Tracing the effects of whole-genome multiplication on clonal reproduction in plants: from genes to distributional patterns
GAČR 24-12318S, 2024-2026, principal investigator: Patrik Mráz (Department of Botany, Charles University, Prague), participant from CBRB SAS: Barbora Šingliarová
Our principal objective is to determine the consequences of whole genome multiplication on multiple phenotypic, phytohormonal and genomic traits that alter the reproduction strategies of autopolyploids and determine their evolutionary success.
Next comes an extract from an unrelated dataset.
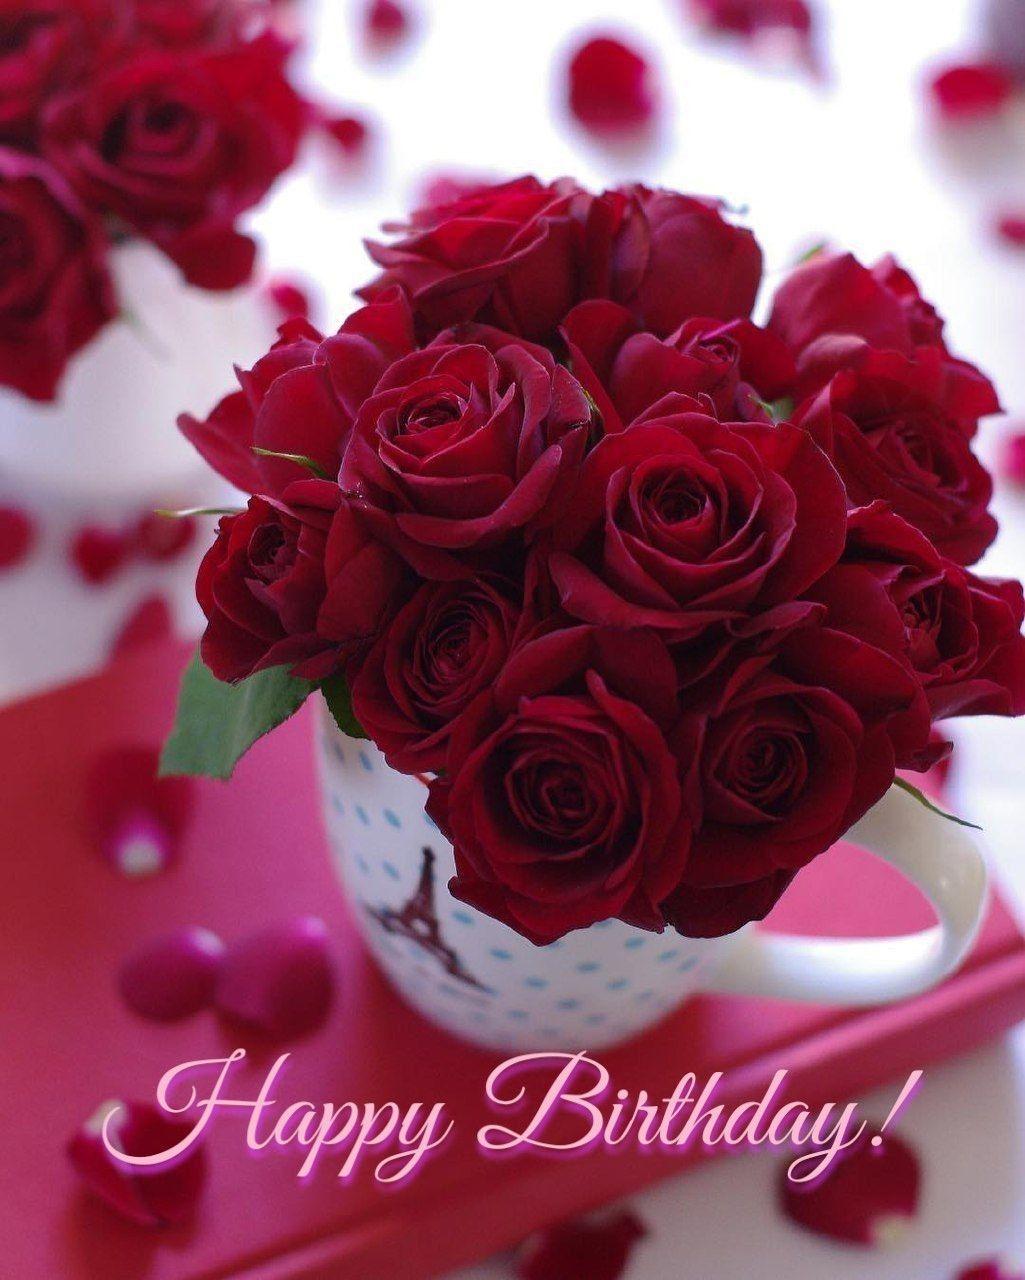 Pin By Nonglak Jantaraprapa On Happy Birthday Happy Birthday Flower Birthday Flowers Bouquet Sunday Rose

Neopolyploids originating via whole genome multiplication within one species – autopolyploids – suffer from reduced fitness compared to diploid ancestors due to disturbed meiosis and the negative effect of majority-minority cytotype interaction. Enhanced clonal reproduction might promote the successful establishment of neopolyploids. However, it is unknown if the increased clonal growth is directly caused by polyploidization, what are its underlying genetic and physiological factors, and finally what is the ecological impact of such reproduction shift between closely related cytotypes. We will investigate these questions in the diploidautopolyploid Pilosella rhodopea model by combining observational, experimental, anatomical, biochemical phytohormones) and molecular (microsatellites, transcriptomics) approaches. Our results will provide an integrative insight into the role of autopolyploidization in the formation of new reproductive traits which determine the evolution of neopolyploids.